■ **Data below**:

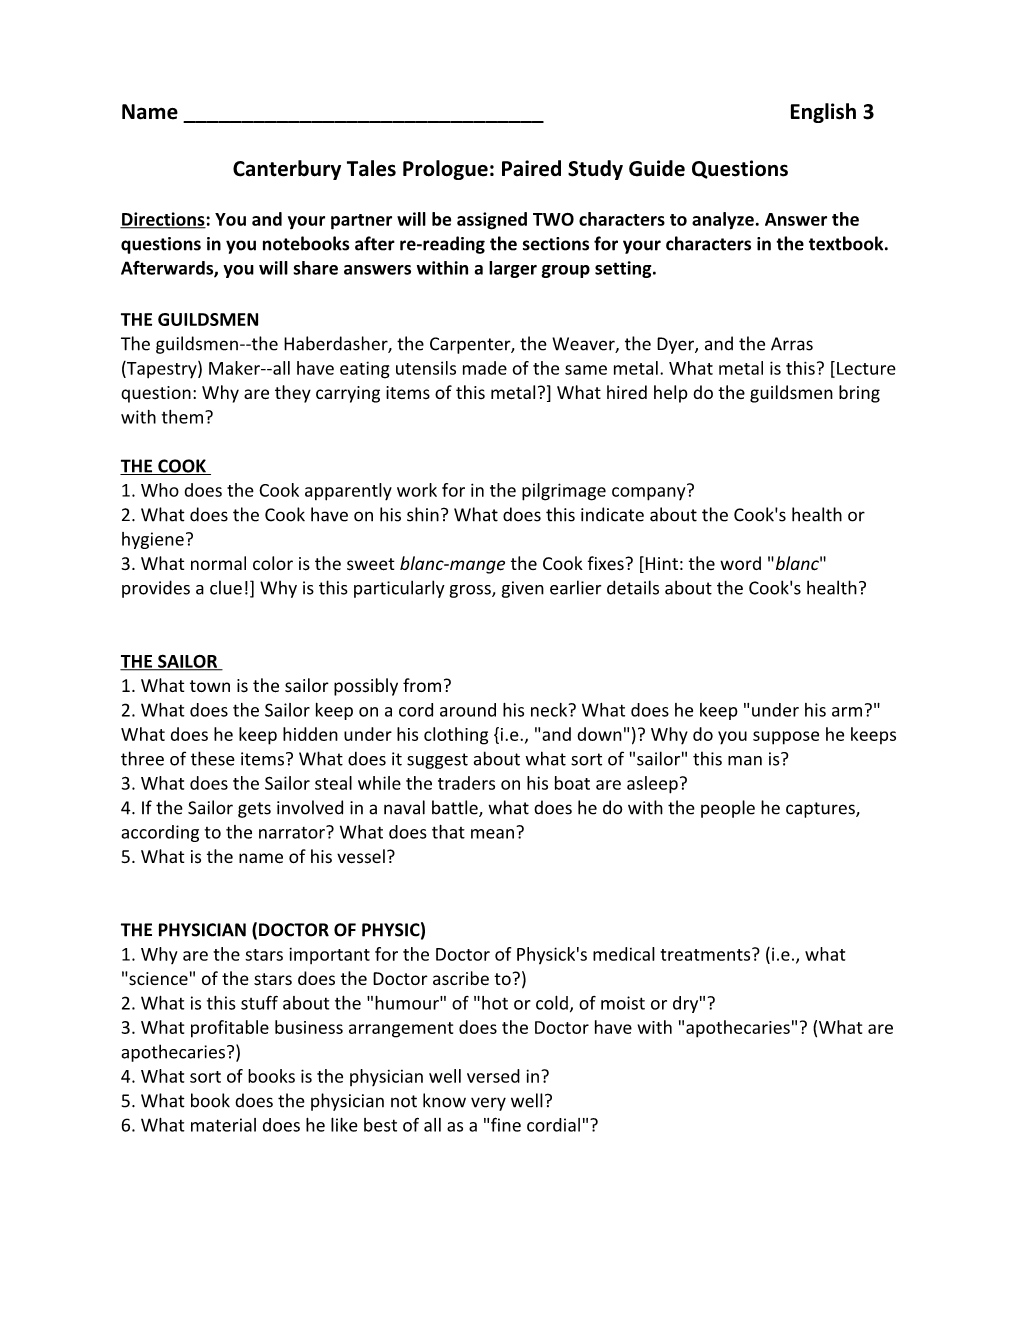 Canterbury Tales Prologue: Paired Study Guide Questions
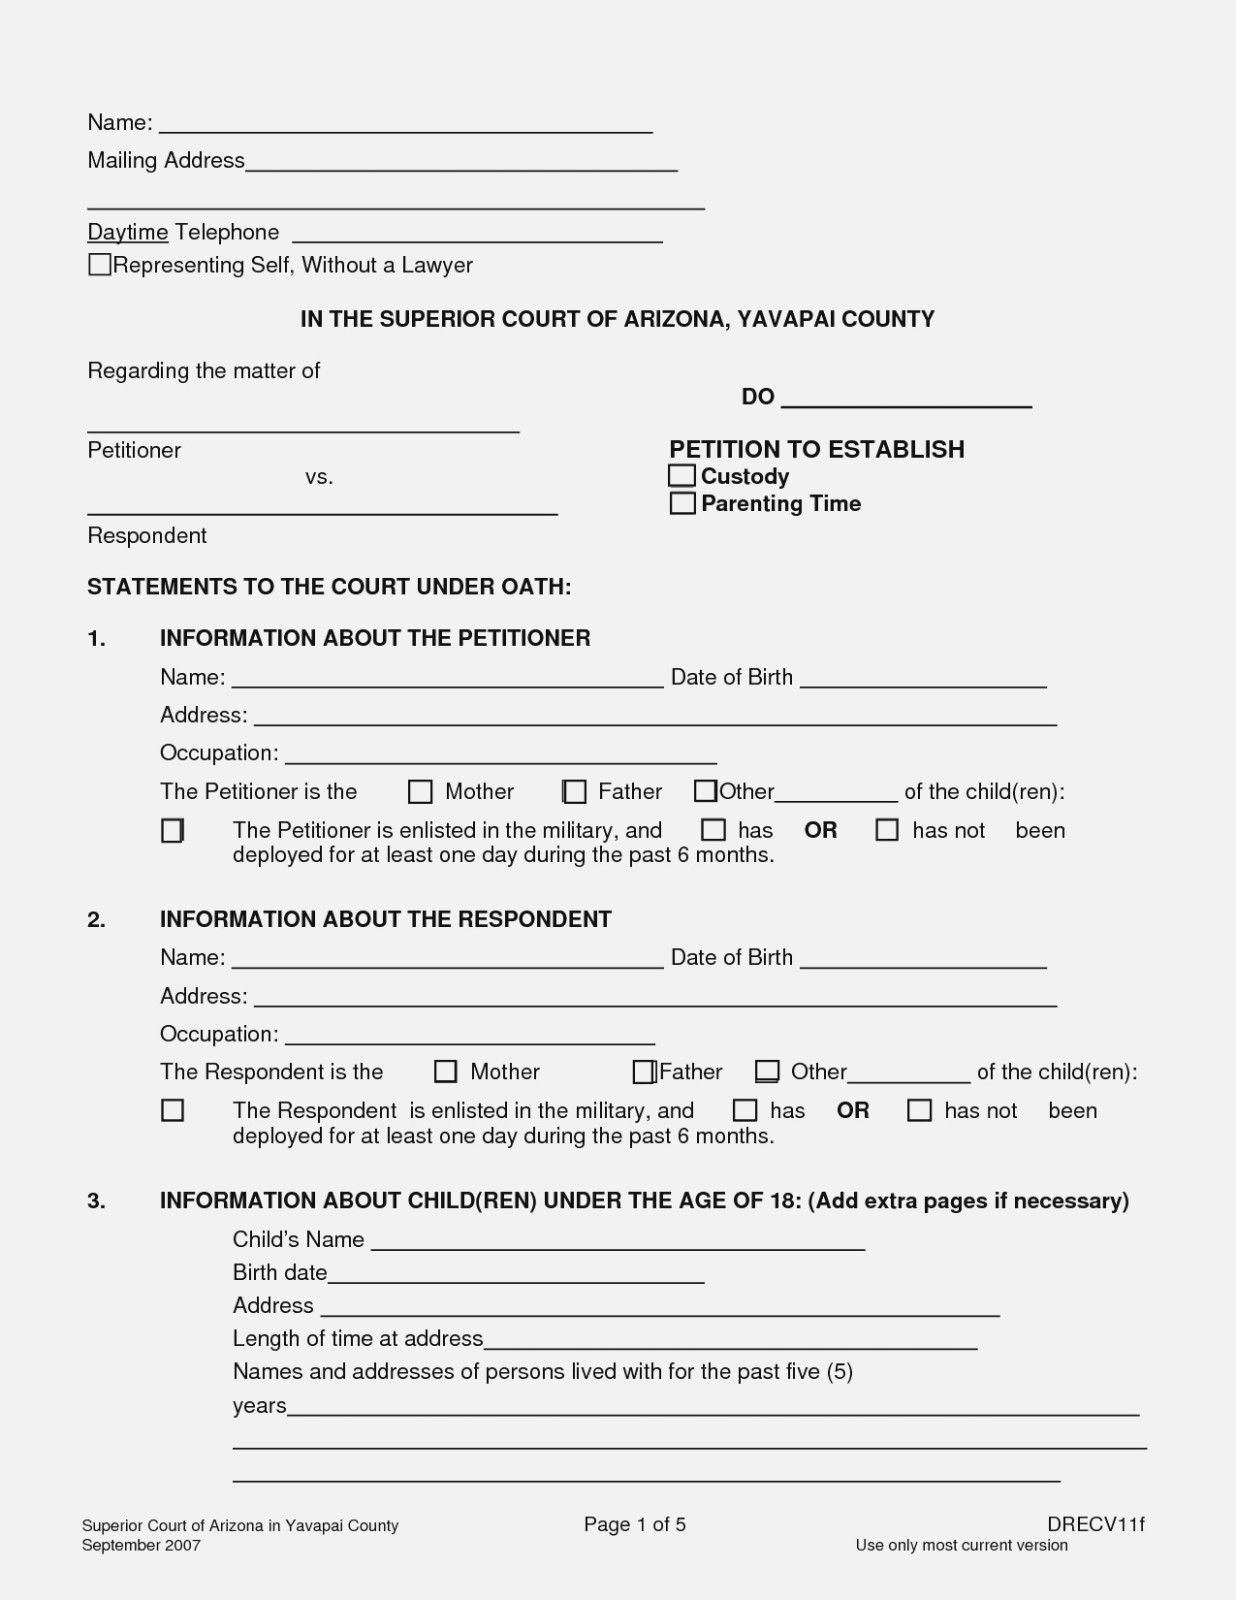 Is Free Printable | Invoice And Resume Template Ideas - Free Printable Child Guardianship Forms
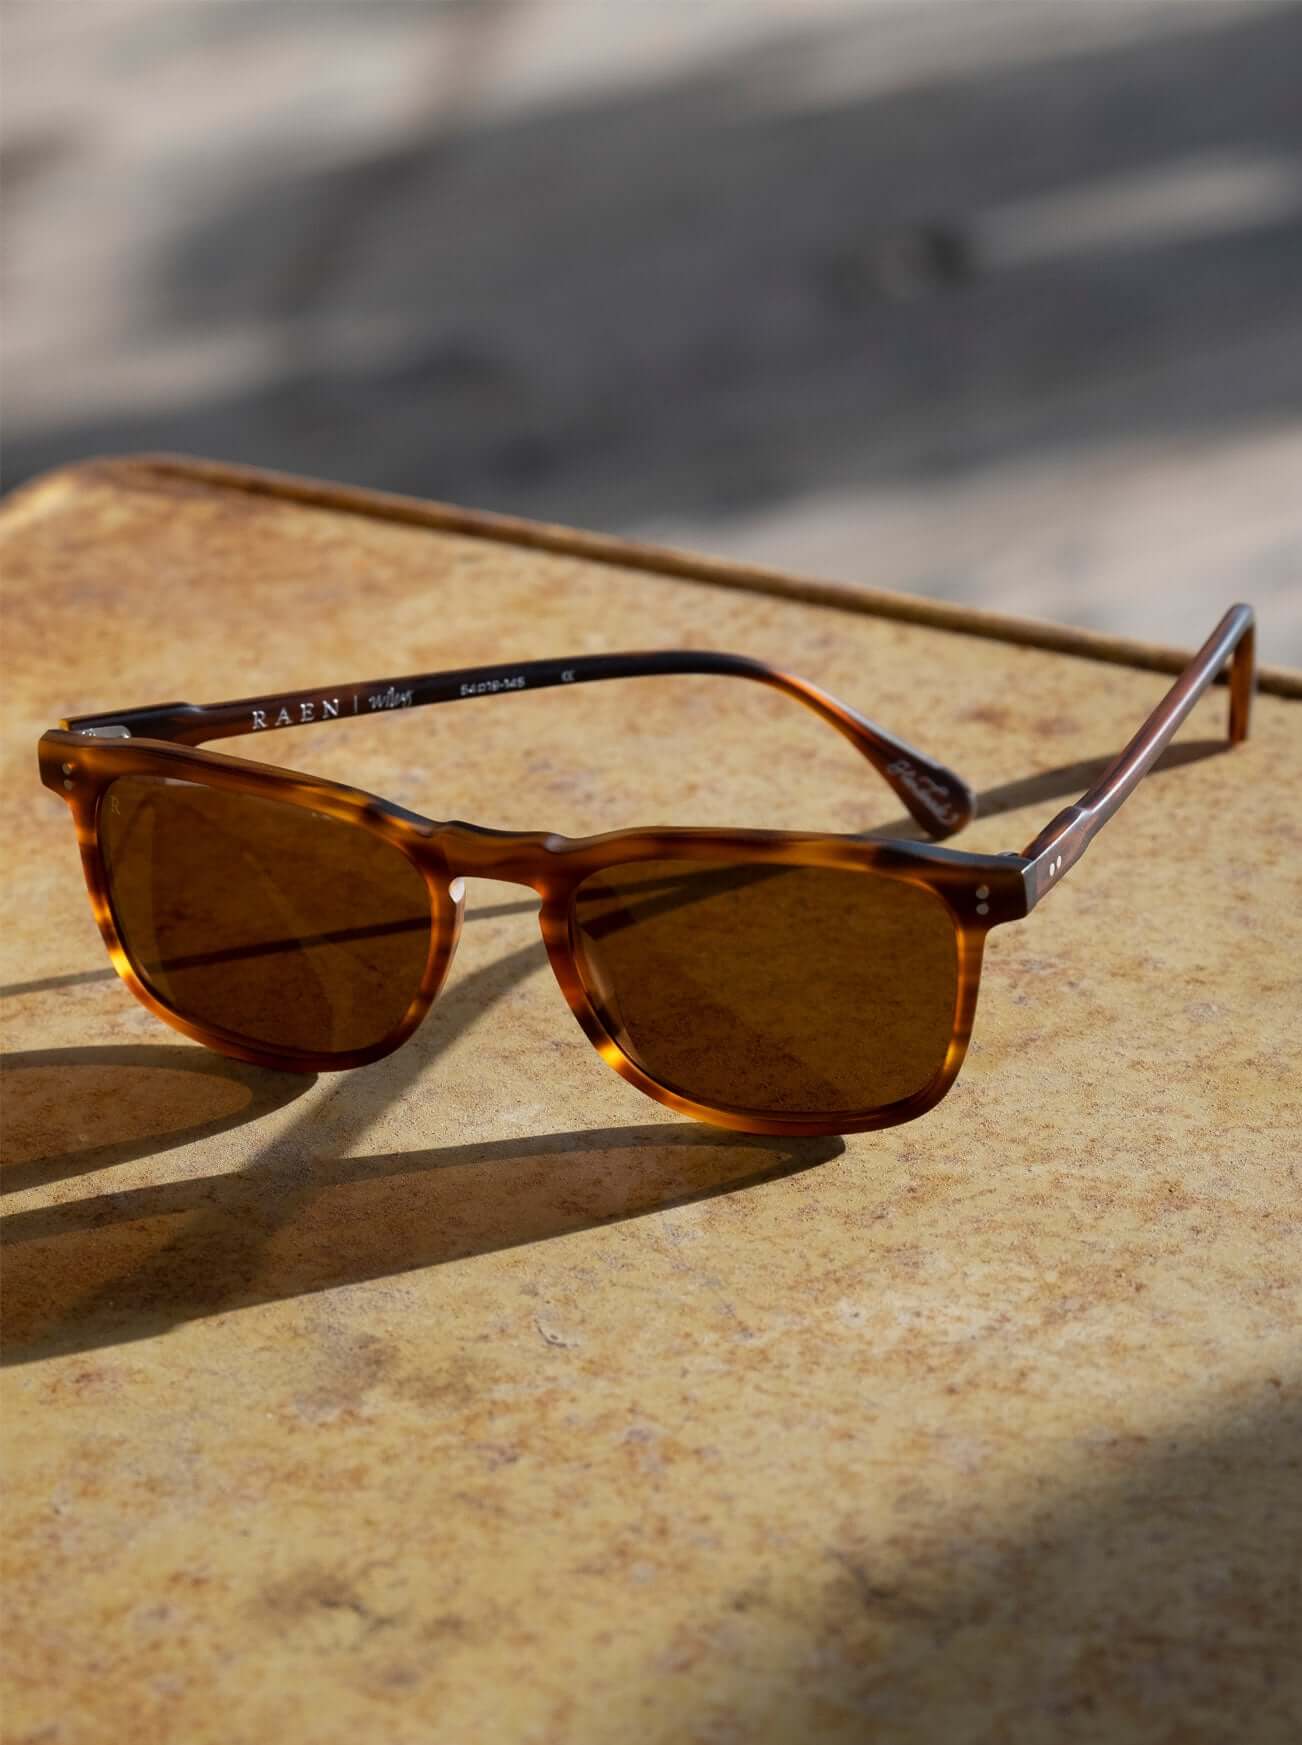 A pair of RAEN's Wiley Men's Square Sunglasses with Matte Rootbeer frames and Brown lenses

■ **Requirement**: Leaving the pictures out, give back each line above exactly.

■ **Result of the task**:
 Canterbury Tales Prologue: Paired Study Guide Questions
 Is Free Printable | Invoice And Resume Template Ideas - Free Printable Child Guardianship Forms
 A pair of RAEN's Wiley Men's Square Sunglasses with Matte Rootbeer frames and Brown lenses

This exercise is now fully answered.